The International Monetary Fund (IMF) has warned Kenya against cuts to key spending areas as it pushes for new tax measures as the best route towards fiscal consolidation.
The IMF has identified new spending pressures including carryover expenditures from the 2023/24 financial year, demands from the implementation of collective bargaining agreements (CBAs) and crucial areas which it says deem budget cuts unfeasible.
The multilateral lender instead sees new revenue measures as the soundest option to attaining fiscal consolidation and addressing Kenya’s debt vulnerabilities despite the rejection of its programme backed Finance Bill, 2024.
“The withdrawal of the Finance Bill, 2024 has necessitated spending compression to contain the fiscal deficit.
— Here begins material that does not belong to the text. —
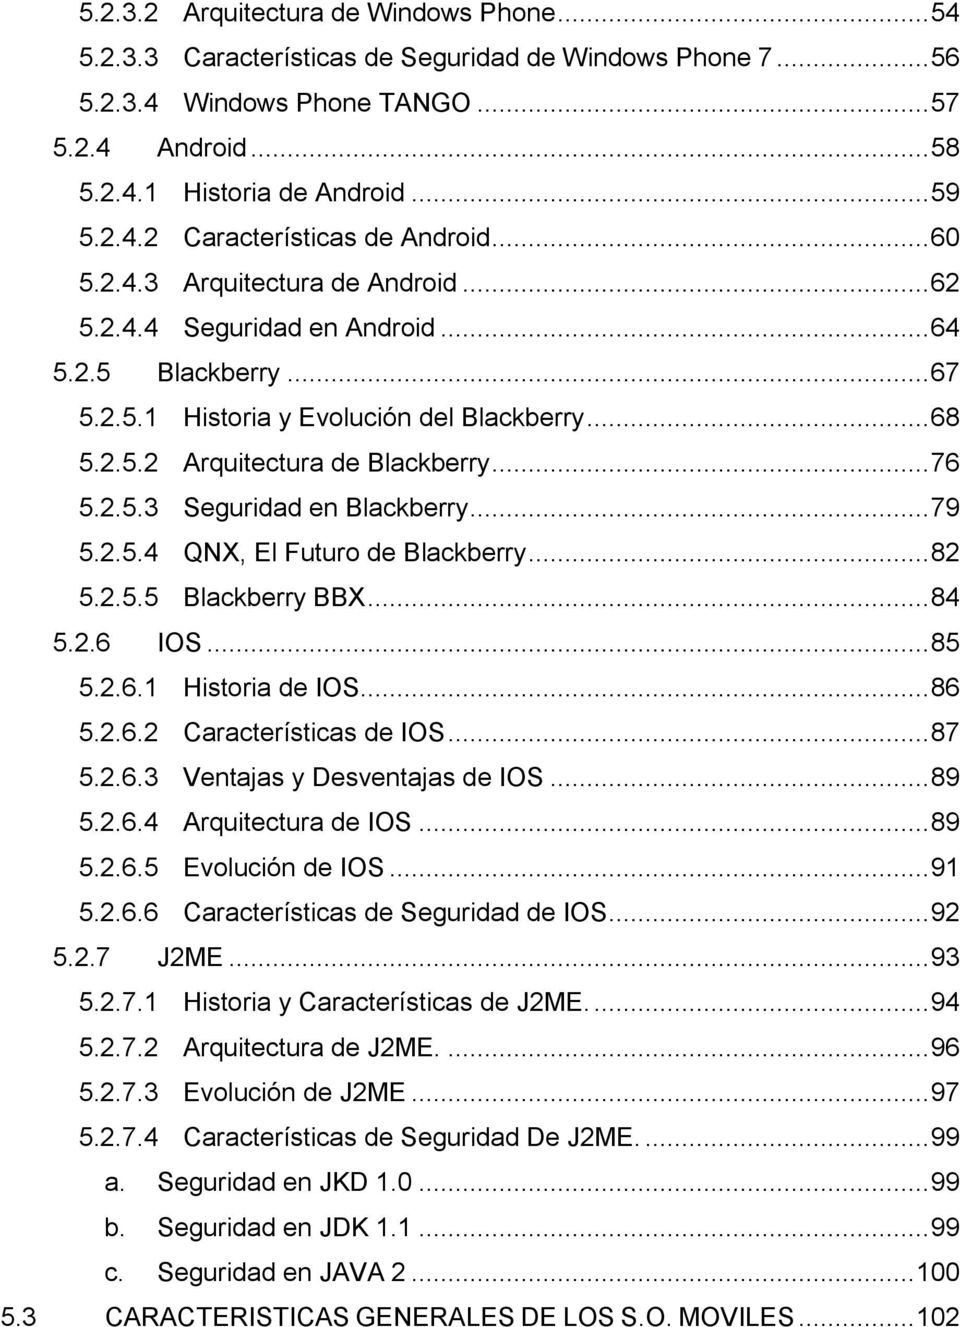 .. 79 5.2.5.4 QNX, El Futuro de Blackberry... 82 5.2.5.5 Blackberry BBX... 84 5.2.6 IOS... 85 5.2.6.1 Historia de IOS... 86 5.2.6.2 Características de IOS... 87 5.2.6.3 Ventajas y Desventajas de IOS.

While spending rationalisation will be important, including to restore public trust and tax morale, Kenya’s elevated debt vulnerabilities and large debt service obligations call for fiscal consolidation underpinned by additional revenue mobilisation to fund priority social and developmental spending needs while also ensuring debt sustainability,” the IMF says.
The fund views spending cuts attained in the first 2024/25 supplementary budget as a temporary measure/stop gap likely to be reversed as the government is for instance forced to honour CBAs.
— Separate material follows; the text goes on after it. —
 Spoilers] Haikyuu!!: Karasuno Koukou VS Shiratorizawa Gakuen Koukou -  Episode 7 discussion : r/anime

The government has agreed to CBA demands from the security sector, teachers and civil servants with their implementation being expected to offset envisaged wage bill savings.
Funding for universities and technical and vocational training along with the carryover spending is also expected to be accommodated, resulting in higher spending pressures.
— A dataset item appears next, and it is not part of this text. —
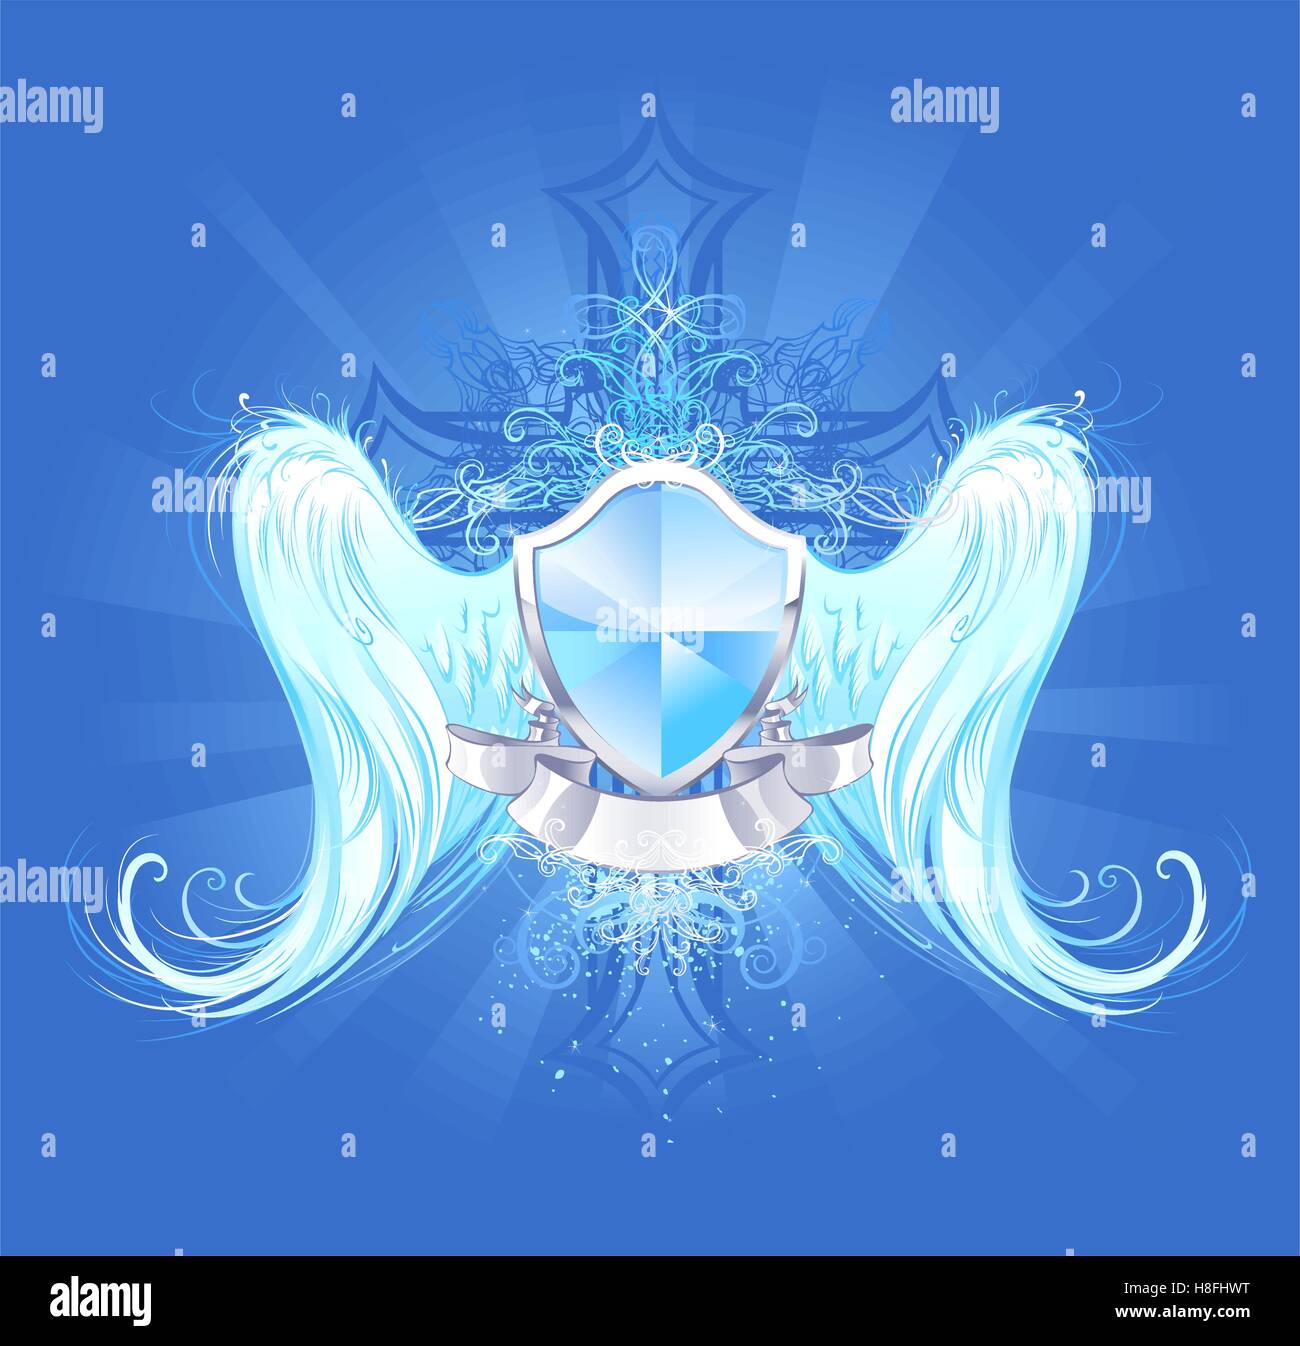 Bouclier bleu cristal avec ailes d'ange blanc artistiquement peints dans l'arrière-plan lumineux bleu, décoré d'une croix Illustration de Vecteur

The IMF has cautioned against budget cuts affecting health and education funding and disbursements to the Kenya Revenue Authority (KRA) which it says would impact the taxman’s ability to implement tax reforms.
Cuts to education and health are for instance expected to adversely impact long-term economic growth and human capital formation.
“Staff has cautioned against deep cuts in development spending-bringing domestically financed development spending to the lowest level in the past two decades- that may not generate the envisaged savings should existing projects be affected due to the accrual of penalties and fees nor improve debt dynamics due to negative growth rates,” the IMF added.
Kenya has on the advisory of the IMF rekindled some of the abandoned tax measures in the Finance Bill, 2024 by proposing the Tax Laws (Amendment) Bill, 2024 which brings back most of the forgone taxes.
These include the implementation of excise duty on alcoholic beverages based on levels of alcohol content, higher duty for telephone and data services and the review of VAT zero-rating and exemptions.
The new tax measures are expected to generate revenues of about Sh137 billion or 0.9 percent of GDP.
The taxes are nevertheless seen as insufficient in offsetting the spending pressures, necessitating a second 2024/25 supplementary budget expected by the end of January 2025.